It is cheap and easy to learn. It makes happy songs sound happier and sad songs sound sadder. It is still most welcome at a cabin, campfire or beach, but is gaining great favor with more serious musicians. It is all over the Internet and on TV shows from "Spongebob Squarepants" to "Glee."

It is the ukulele. And despite its small size, it's clearly not a toy, taking up decidedly more space on guitar-store walls and more time at concert halls.

"I could have never foreseen this five years ago," said Andy Bell, owner of Twin Town Guitars, which has started offering ukulele classes to meet the demand. Sales of the instrument are up at least 35 percent at the store, which has "a pile of ukuleles on back order," he said.

The Hawaiian instrument, which looks like a tiny guitar but actually is part of the lute family, is enjoying a resurgence in tough financial times. But "it started long before there was an economic downturn," Bell said.

One reason: "It really goes well with the voice," said Twin Cities aficionado David Kapell, "because it's a high, twinkly thing and the voice is more of a midrange thing. It just works well sonically, especially with the great American classics -- Tin Pan Alley, Broadway, songs that are fun to sing."

So, yes, there's a playful aspect to the ukulele's renaissance, but some people have embraced it for practical reasons, such as singer Lucy Michelle, who is 5 feet tall. She took up the uke at 18, "partly because the guitar is too big for me," she said. "I do get a lot of, 'Oh, it looks like a guitar on you,' from my friends. But everybody likes the sound of it."

Local (and far-flung) flavor

Michelle and the Velvet Lapelles, who play Dec. 4 at the Nomad World Pub in Minneapolis, and Molly Maher and Her Disbelievers, who perform every Wednesday at Nye's on E. Hennepin Avenue in Minneapolis, are hardly the first uke-infused Twin Cities acts. The most noteworthy? Tiny Tim, even if he married a Minneapolis woman long after he had tiptoed through the tulips.

And his name should not be mentioned among longtime lovers of the instrument.

"Tiny Tim ruined the whole thing by making it into a joke," said Kapell, whose mother played the ukulele on Hawaii-bound planes filled with 3M executives during the 1950s.

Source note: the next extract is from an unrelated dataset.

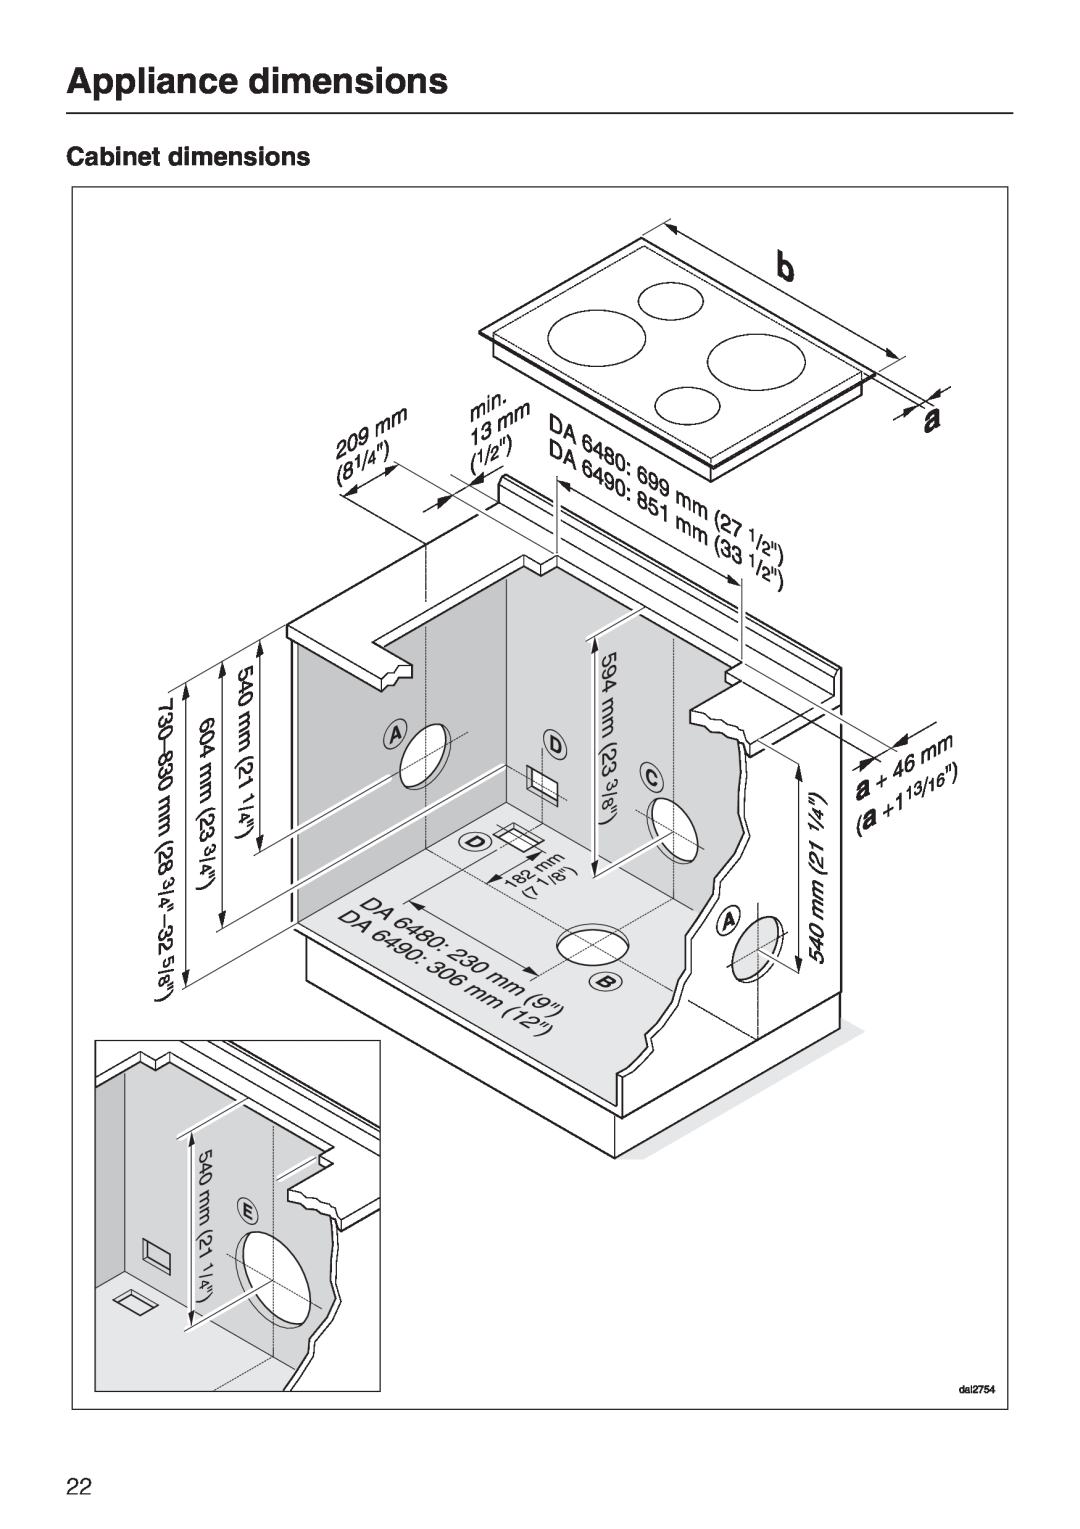 Miele DAG 500, DA 6490, DA 6480, DAG 1000 installation instructions Cabinet dimensions, Appliance dimensions 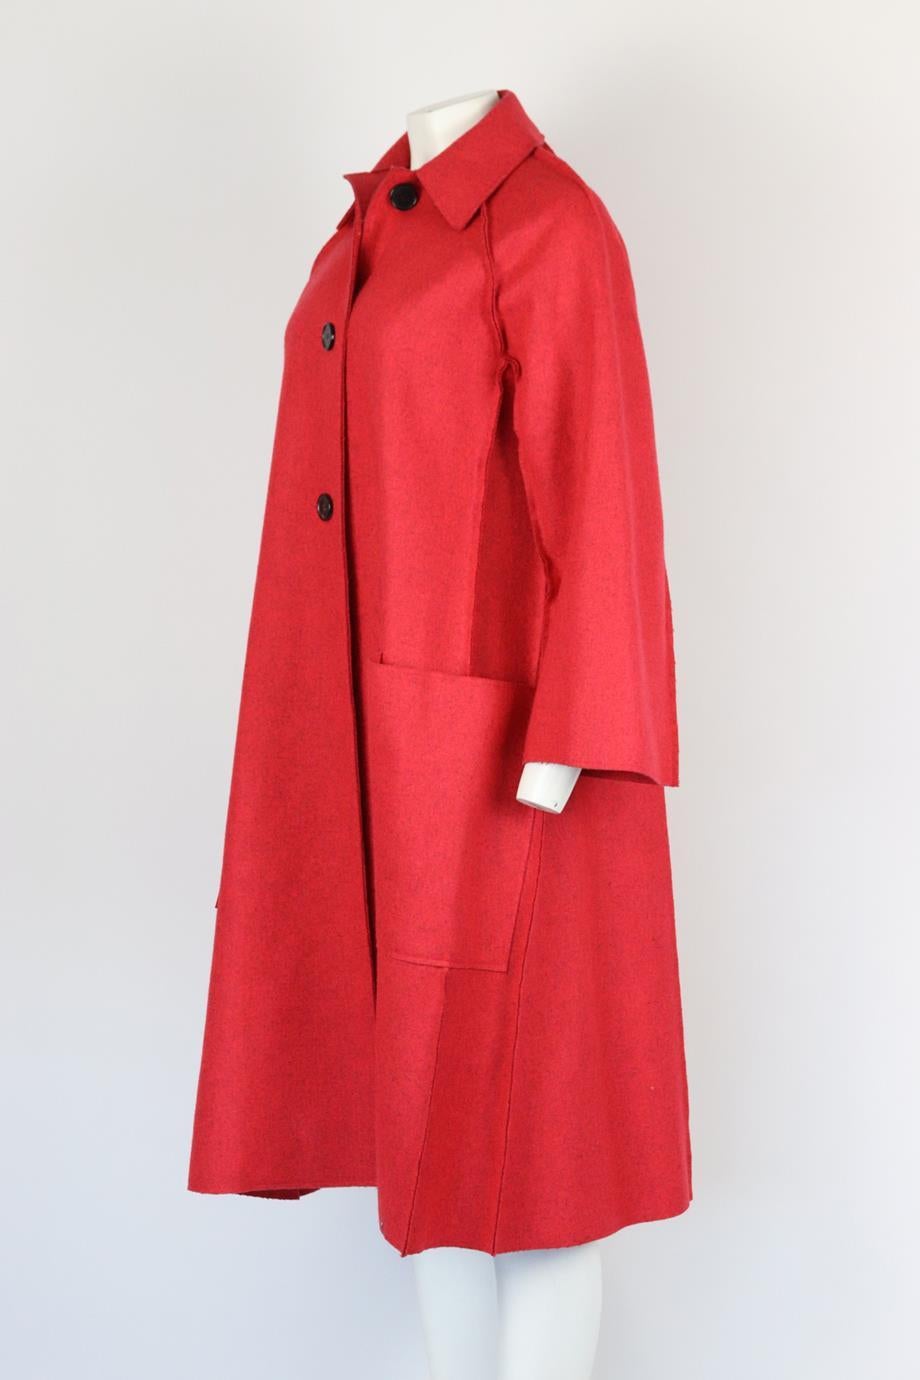 Red Christian Dior Oversized Wool Coat Fr 34 Uk 6

That was the last heyday of the four-stringed instrument, as Arthur Godfrey plucked the uke every week on national TV and looming Hawaii statehood fueled intense interest in the islands' culture.

But the current surge goes well beyond plastic ukes, Don Ho crooning "Tiny Bubbles" or even a reprise of "Hawaii Five-O."

A raft of professional musicians play instruments that can costs hundreds of dollars. Even Fender now makes ukuleles.

YouTube videos featuring the astounding Jake Shimabukuro (especially on "While My Guitar Gently Weeps") and Julia Nunes have drawn millions of hits. The Ukulele Orchestra of England recently garnered rave reviews in New York. Rocker Amanda Palmer quickly sold out the first run of a ukulele-driven CD of Radiohead covers.

Some ukulele players are plugging the instruments into amps, and even those with inexpensive instruments are augmenting them with hand-wound strings from stores such as Twin Town or Podium in Minneapolis and Willie's American Guitars in St. Paul.

"The strings do a lot of the work, I think," Michelle said.

Simply a hoot

Still, the ukulele's appeal is elemental.

"You pick it up and after about five minutes you play it as well as 80 percent of the people who play it," said William Preston Robertson, a former Twin Citian who directed the documentary "Rock That Uke."

"It's just a sweet, joyful little instrument that anyone can play, and everyone should play," said Kapell, who invented Magnetic Poetry and has a collection of about 30 ukes. "It's so cute and so portable and so easy."

When Kapell's wife was in the hospital 12 years ago undergoing chemotherapy, he broke out a uke for the first time in years, "and that's all she wanted to hear, because it's happy and light and positive," he said. "It was really therapeutic for her."

The couple were later divorced, and the instrument provided some emotional therapy for Kapell on a trip to Brazil.

"At the beach, it's better than being a rock star," he said. "We ended up having circles of Brazilians singing Beatles songs. It's really conducive to singalong stuff."

Regardless of the tone, the ukulele tends to sell itself, Bell said.

"We have had a lot of moms and dads come into the store and buy 'em, sometimes to keep the kids away from Mom or Dad's guitar or banjo," he said. "And then they'll see it sitting somewhere and move it out of the way.

"And when they move it, they can't help but strum a little." No matter what kind of day you're having, he said, "you can't help but smile when you're holding it."